Washington: The Democrat-controlled US House of Representatives, which is in a rush to impeach Donald Trump over the unprecedented Capitol Hill attack, passed a resolution urging Vice President Mike Pence to invoke the 25th Amendment to remove the president from office. The resolution was voted by 223 to 205 votes on Tuesday night, mostly on party lines, with one Republican voting in favour of the resolution and another five abstaining. The resolution called upon Pence to mobilise the Cabinet to activate the 25th Amendment to remove the president from office.
The 25th Amendment, adopted more than 50 years ago in the wake of President John F Kennedy's assassination, provides a mechanism for the succession of the president for his or her replacement in the event he or she proves unfit to serve. Under the amendment, the vice president and a majority of either the Cabinet or some other body designated by Congress may remove the president from office.

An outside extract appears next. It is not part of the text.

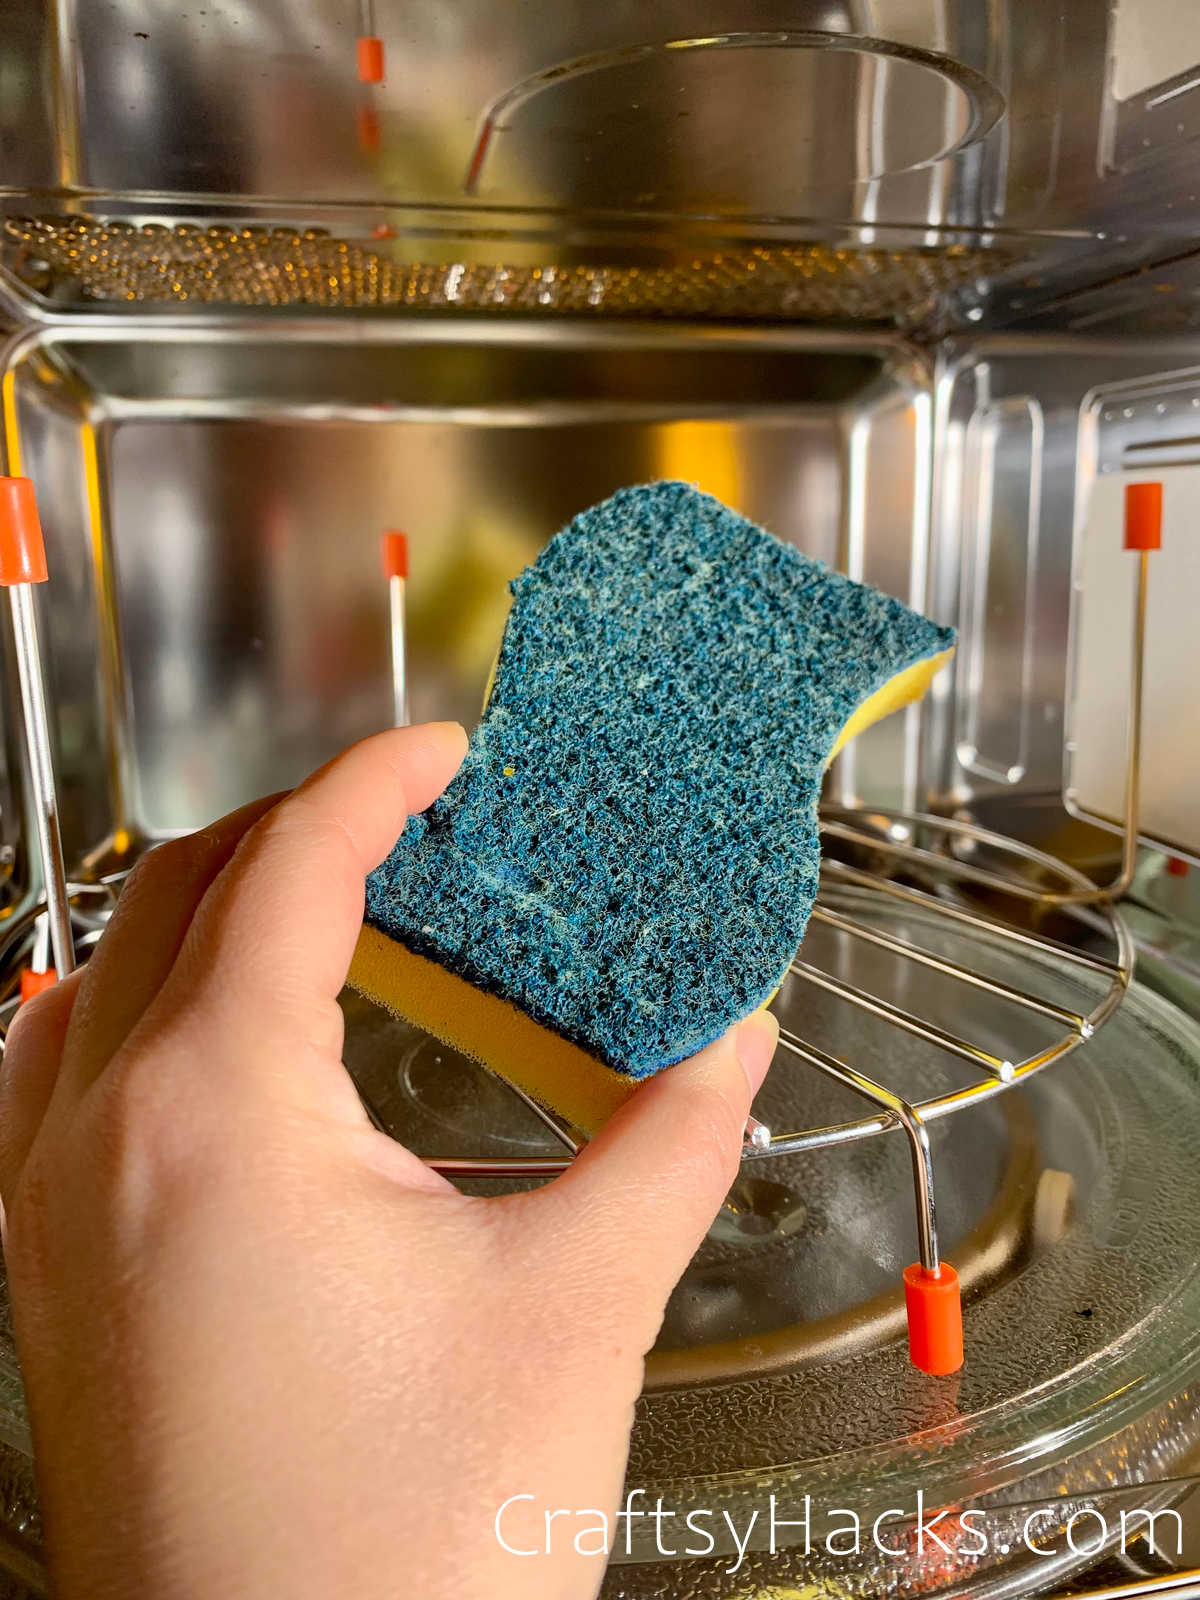 microwave sponge

The vote came after Pence, a Republican, wrote to House Speaker Nancy Pelosi that he would not invoke the 25h Amendment.
"Under our Constitution, the 25th Amendment is not a means of punishment or usurpation. Invoking the 25th Amendment in such a manner would set a terrible precedent," Pence said in a letter to Pelosi, a Democrat.
A daylong debate awaits the resolution before it is put to vote. Every single Democrat was expected to vote to impeach, and Republicans were bracing for as many as two dozen of their members to follow suit.
Two-thirds of the Senate – or 17 Republicans -- would have to vote to convict Trump. If that happens, it will make him the first president to be impeached twice.
Trump met Pence on Monday for the first time since they fell out last week over the president’s effort to overturn the election and the mob assault, which had put the vice president in danger. The two spoke for an hour or more in the Oval Office in what amounted to a tense peace summit meeting with the remainder of the Trump presidency at stake, reports the New York Times.
The impeachment move came as President-elect Joseph R. Biden Jr. signalled clearly that he would not stand in the way of the impeachment proceeding, telling reporters, that his primary focus was trying to minimize the effect that an all-consuming trial in the Senate might have on his first days in office, adds the NYT.